Moving onto the 16th Amendment...
It is true that SCOTUS has ruled that the 16th Amendment conferred no new power of taxation, nor did it extend Congress' taxing power to new or excepted subjects. The tax law mal-application advocates love to leave out that second part because it gives the truth away too easily. If you were not among those made liable before, you are not among those made liable after its ratification. As we can see from Brushaber, the 16th merely removed the occasion where certain enterprising individuals and companies were able to avoid liability by sheltering their otherwise taxable gains in property... think railroads and certain federal financial investments/instruments. After all, we're talking about the period between 1898 and 1913 here.
Also, we have to keep in mind the evolution of what we now know as the income tax. The 16th Amendment and the income tax were passed in 1913. Yet, it wasn't until 1954 that the Bureau of Internal Revenue (renamed IRS in the proceeding year) began its campaign of littering EVERY business across America with pamphlets and instructions about withholding and whatnot. Prior to this, hardly anyone filed federal tax forms... because no one was liable except those specific classes of person engaged in those specific activities (of a foreign nature). By 1954, the feds were confident that the People were ignorant enough to buy whatever bullshit they were selling, and with the restructuring of Title 26 of the United States Code, it was easy to manipulate perception by removing what they referred to then as "redundant language". This "redundant language" actually made the limited scope of the tax quite clear... just check out the original 1939 codification and you'll see what I mean.
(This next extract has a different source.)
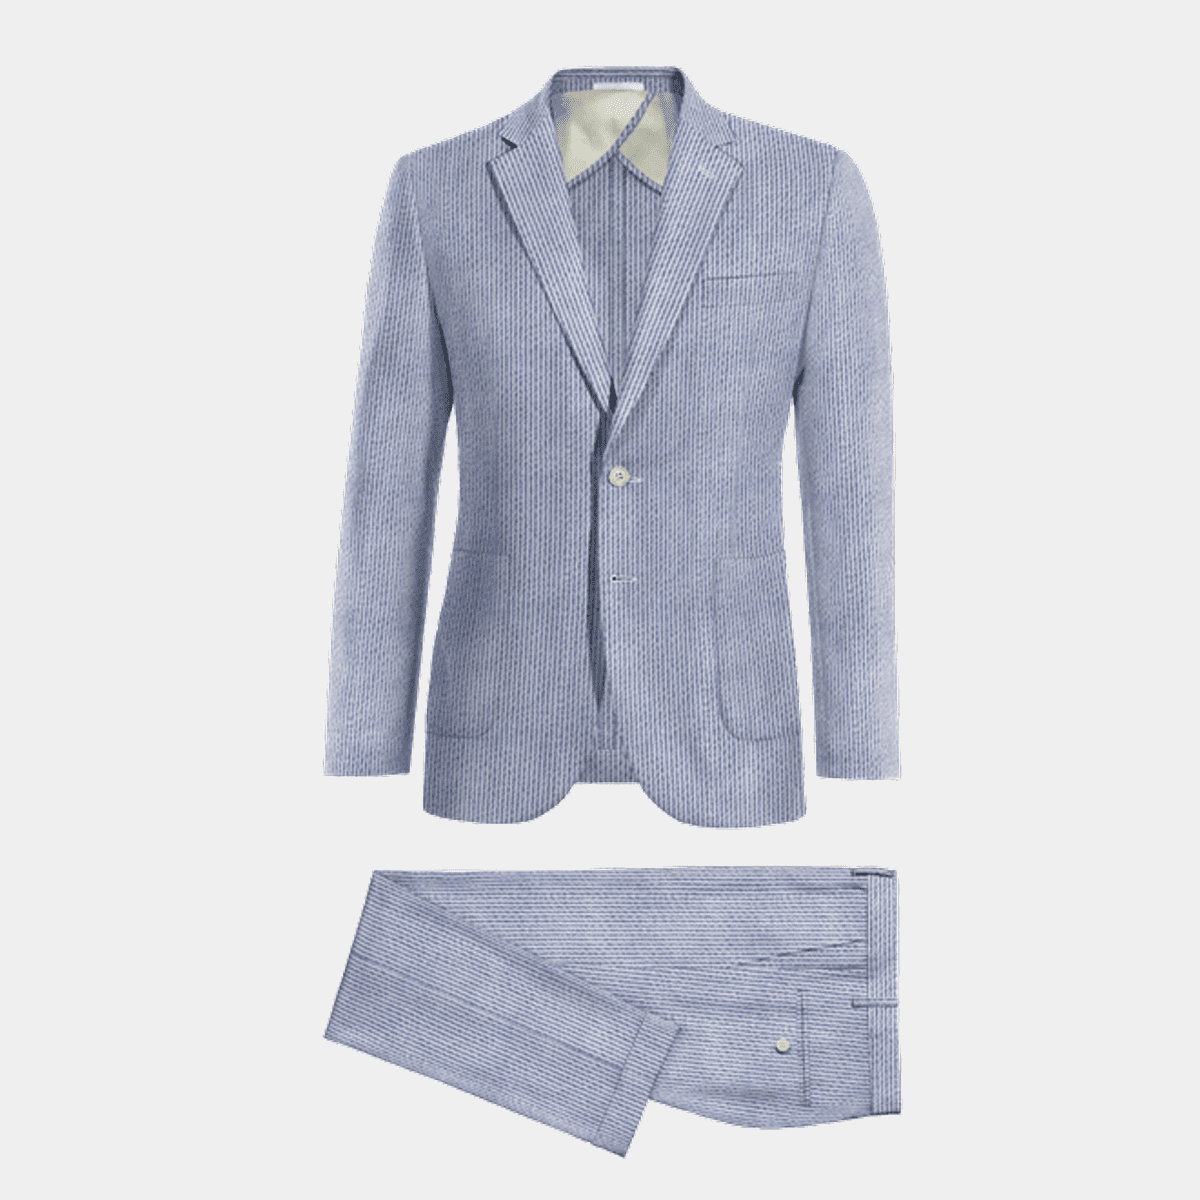 Faded blue lightweight seersucker essential unlined Suit

In short, it is a lie. The IRS and Treasury has convinced private payers within the states that they must both withhold a portion of their worker's pay to satisfy a potential tax liability (via the W2 form) as well as submit information returns for contract workers (via the 1099 form). The People, being as ignorant as IRS and Treasury believe them to be, obediently file follow-up documentation in the form of a tax return. It is a fraud and a scam. The ONLY evidence, which is contrary to actual fact for the vast majority of Americans, that these workers are liable for the tax is the information returns submitted to the IRS.
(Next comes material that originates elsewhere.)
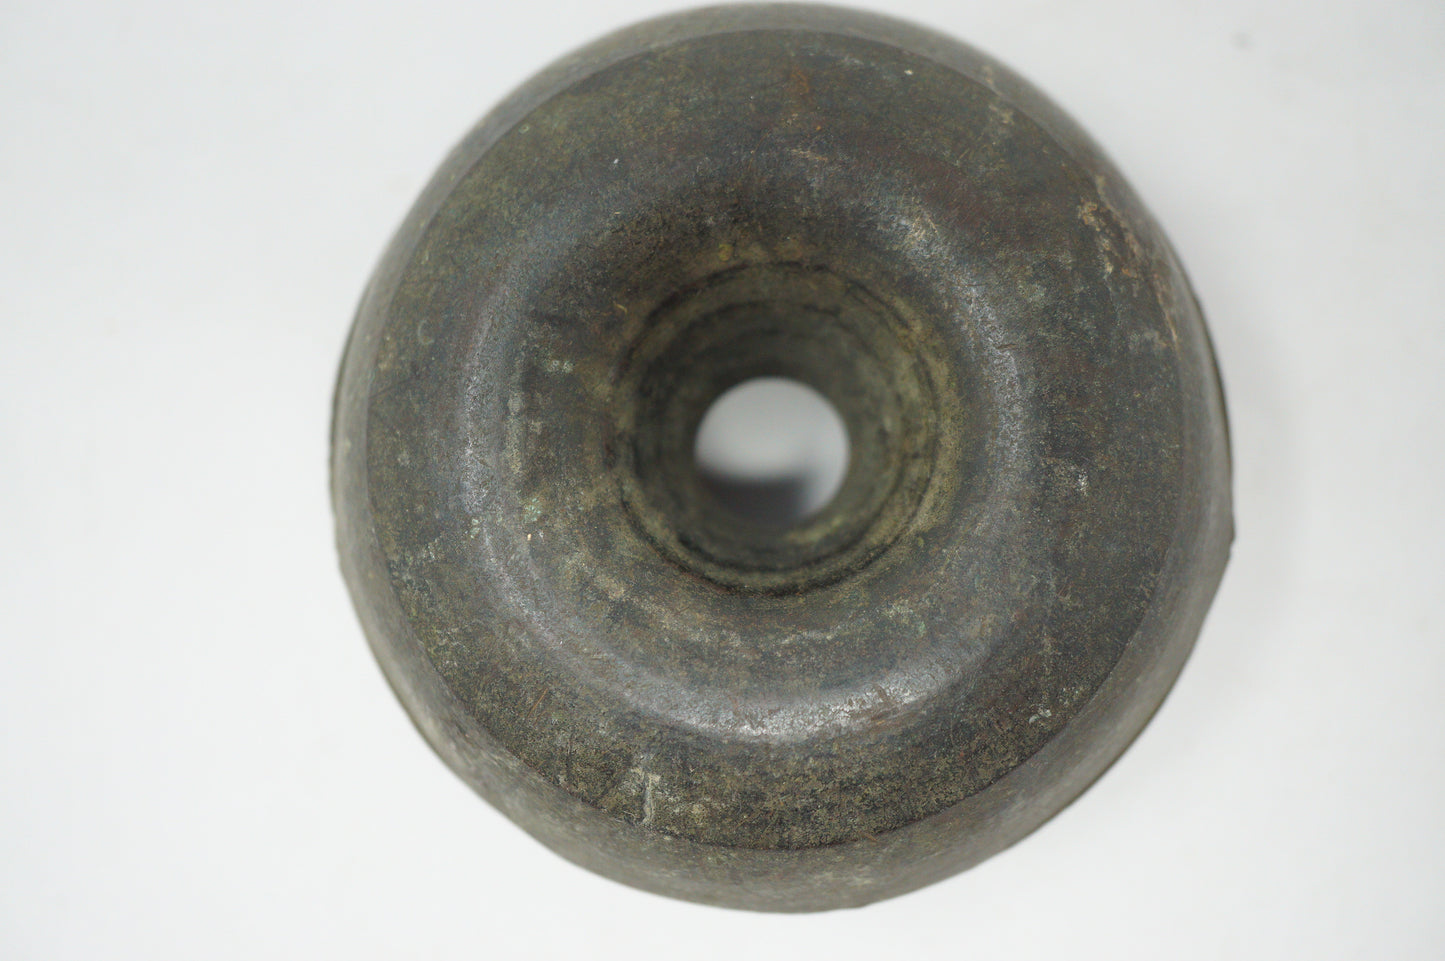 Japanische Pferdeglocke aus dem 19. Jahrhundert, antike Original-Geschirrglocke aus Japan 0410E4

Why do so many fall victim to charges of "willful failure to file" and similar criminal charges with regard to the federal income tax? The answer is simple. First, most people
believe they are liable, or at best do not understand (from a legal perspective) why they are not. Second, the IRS/Treasury and the courts are working within the confines of the law as it is written. This means that IF an information return is submitted claiming that the activity which generated the individual's pay is indeed taxable, the IRS must assume that is true... there is no regulatory method for vetting the information (shocking!). On top of that, there is no way to refute the basic claim of liability after-the-fact. If an information return is submitted, you are assumed liable... the amount for which you are liable is irrelevant at that point. To stop the lie, against you anyway, the only recourse is to stop your private payer from LYING about you and submitting FRAUDULENT data to the IRS. Actually, they shouldn't be submitting anything to the IRS, but again, that's a different matter altogether.